You are right about redundant writel_relaxed + wmb. They are effectively
equal to writel.
However, after issuing the command; I still need to wait some amount of
time until hardware acknowledges the commands like reset/enable/disable.
These are relatively faster operations happening in microseconds. That's
why, I have mdelay there.
I'll take a look at workqueues but it could turn out to be an overkill
for few microseconds.
>
> readl_polling() would avoid the part with _relaxed(), but if that can
> still take more than a few microseconds, you should try to sleep inbetween
> rather than burn CPU cycles.
>
>>>> +/*
>>>> + * The interrupt handler for HIDMA will try to consume as many pending
>>>> + * EVRE from the event queue as possible. Each EVRE has an associated
>>>> + * TRE that holds the user interface parameters. EVRE reports the
>>>> + * result of the transaction. Hardware guarantees ordering between EVREs
>>>> + * and TREs. We use last processed offset to figure out which TRE is
>>>> + * associated with which EVRE. If two TREs are consumed by HW, the EVREs
>>>> + * are in order in the event ring.
>>>> + * This handler will do a one pass for consuming EVREs. Other EVREs may
>>>> + * be delivered while we are working. It will try to consume incoming
>>>> + * EVREs one more time and return.
>>>> + * For unprocessed EVREs, hardware will trigger another interrupt until
>>>> + * all the interrupt bits are cleared.
>>>> + */
>>>> +static void hidma_ll_int_handler_internal(struct hidma_lldev *lldev)
>>>> +{
>>>> + u32 status;
>>>> + u32 enable;
>>>> + u32 cause;
>>>> + int repeat = 2;
>>>> + unsigned long timeout;
>>>> +
>>>> + status = readl_relaxed(lldev->evca + EVCA_IRQ_STAT_OFFSET);
>>>> + enable = readl_relaxed(lldev->evca + EVCA_IRQ_EN_OFFSET);
>>>> + cause = status & enable;
>>>> +
>>>
>>> Reading the status probably requires a readl() rather than readl_relaxed()

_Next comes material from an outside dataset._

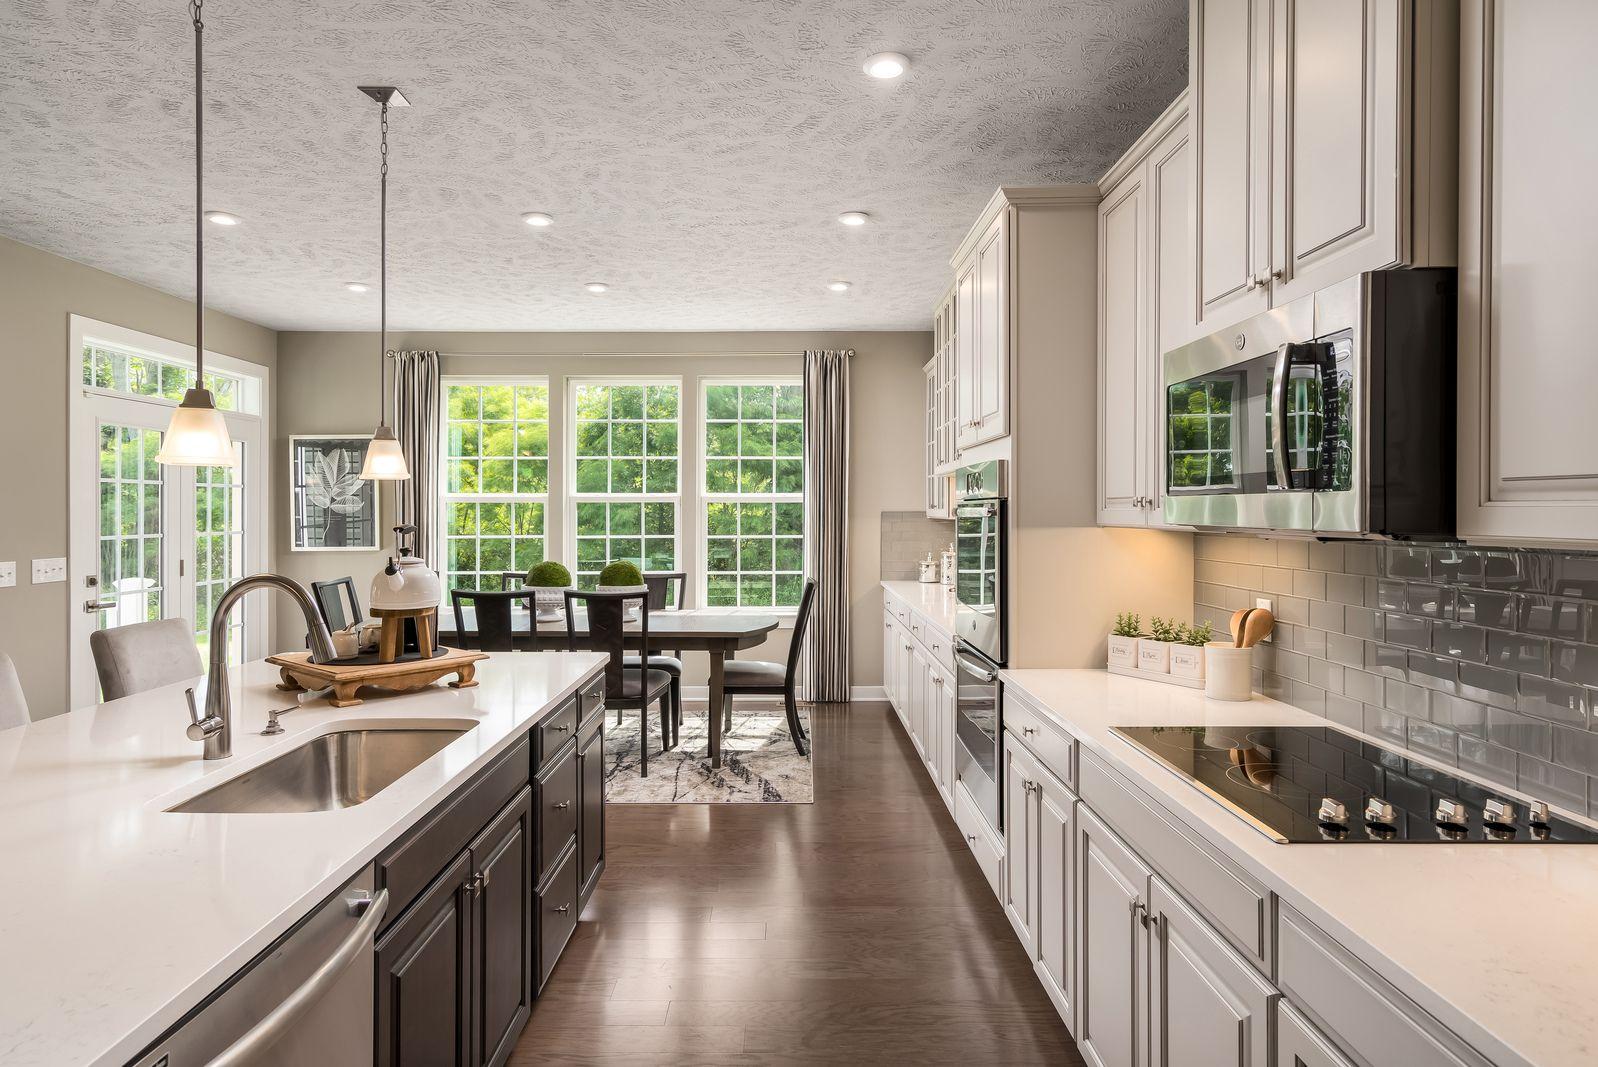 Kitchen featured in the Bateman By HeartlandHomes in Morgantown, WV
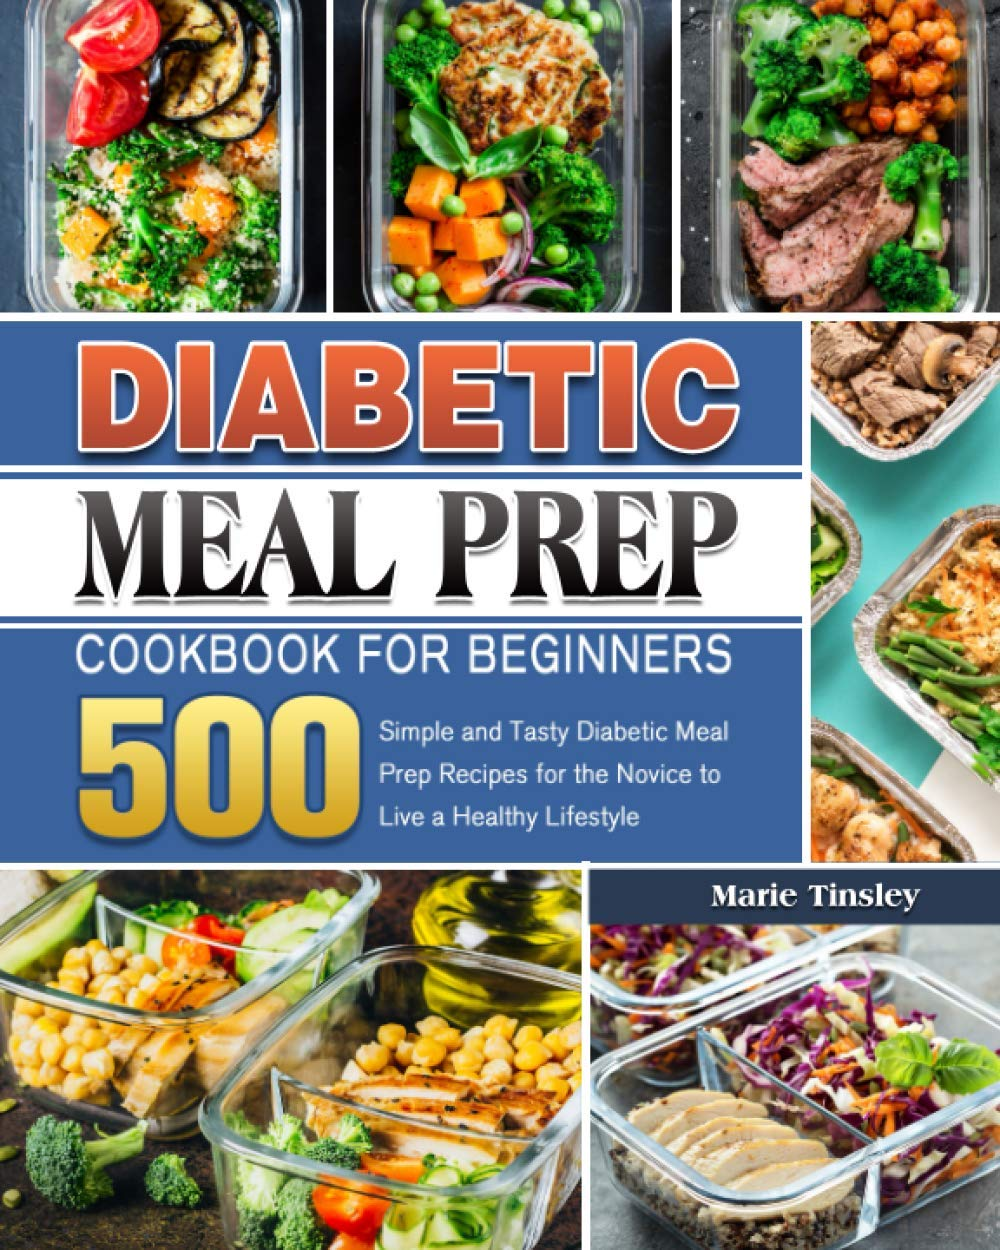 Top 10 Best meal prep for diabetics Reviews

>>> to guarantee that the DMA data has arrived in memory by the time that the
>>> register data is seen by the CPU. If using readl_relaxed() here is a valid
>>> and required optimization, please add a comment to explain why it works
>>> and how much you gain.
>>
>> I will add some description. This is a high speed peripheral. I don't
>> like spreading barriers as candies inside the readl and writel unless I
>> have to.
>>
>> According to the barriers video, I watched on youtube this should be the
>> rule for ordering.
>>
>> "if you do two relaxed reads and check the results of the returned
>> variables, ARM architecture guarantees that these two relaxed variables
>> will get observed during the check."
>>
>> this is called implied ordering or something of that sort.
>
> My point was a bit different: while it is guaranteed that the
> result of the readl_relaxed() is observed in order, they do not
> guarantee that a DMA from device to memory that was started by
> the device before the readl_relaxed() has arrived in memory
> by the time that the readl_relaxed() result is visible to the
> CPU and it starts accessing the memory.
>
I checked with the hardware designers. Hardware guarantees that by the
time interrupt is observed, all data transactions in flight are
delivered to their respective places and are visible to the CPU. I'll
add a comment in the code about this.
> In other words, when the hardware sends you data followed by an
> interrupt to tell you the data is there, your interrupt handler
> can tell the driver that is waiting for this data that the DMA
> is complete while the data itself is still in flight, e.g. waiting
> for an IOMMU to fetch page table entries.
>
There is HW guarantee for ordering.
On demand paging for IOMMU is only supported for PCIe via PRI (Page
Request Interface) not for HIDMA. All other hardware instances work on
pinned DMA addresses. I'll drop a note about this too to the code as well.
>>>> + wmb();
>>>> +
>>>> + mdelay(1);
>>>
>>> Another workqueue? You should basically never call mdelay().
>>
>> I'll use polled read instead.
>
> Ok, but again make sure that you call msleep() or usleep_range()
> between the reads.
>
>>>> +static int hidma_ll_hw_start(void *llhndl)
>>>> +{
>>>> + int rc = 0;
>>>> + struct hidma_lldev *lldev = llhndl;
>>>> + unsigned long irqflags;
>>>> +
>>>> + spin_lock_irqsave(&lldev->lock, irqflags);
>>>> + writel_relaxed(lldev->tre_write_offset,
>>>> + lldev->trca + TRCA_DOORBELL_OFFSET);
>>>> + spin_unlock_irqrestore(&lldev->lock, irqflags);
>>>
>>> How does this work? The writel_relaxed() won't synchronize with either
>>> the DMA data or the spinlock.
>>
>> mutex and spinlocks have barriers inside. See the youtube video.
>>
>> https://www.youtube.com/watch?v=6ORn6_35kKo
>
> I'm pretty sure these barriers only make sense to the CPU, so the
> spinlock guarantees that the access to lldev->tre_write_offset is
> protected, but not the access to lldev->trca, because that write
> is posted on the bus and might not complete until after the
> unlock. There is no "dsb(st)" in here:
>
> static inline void arch_spin_unlock(arch_spinlock_t *lock)
> {
> unsigned long tmp;
>
> asm volatile(ARM64_LSE_ATOMIC_INSN(
> /* LL/SC */
> " ldrh %w1, %0\n"
> " add %w1, %w1, #1\n"
> " stlrh %w1, %0",
> /* LSE atomics */
> " mov %w1, #1\n"
> " nop\n"
> " staddlh %w1, %0")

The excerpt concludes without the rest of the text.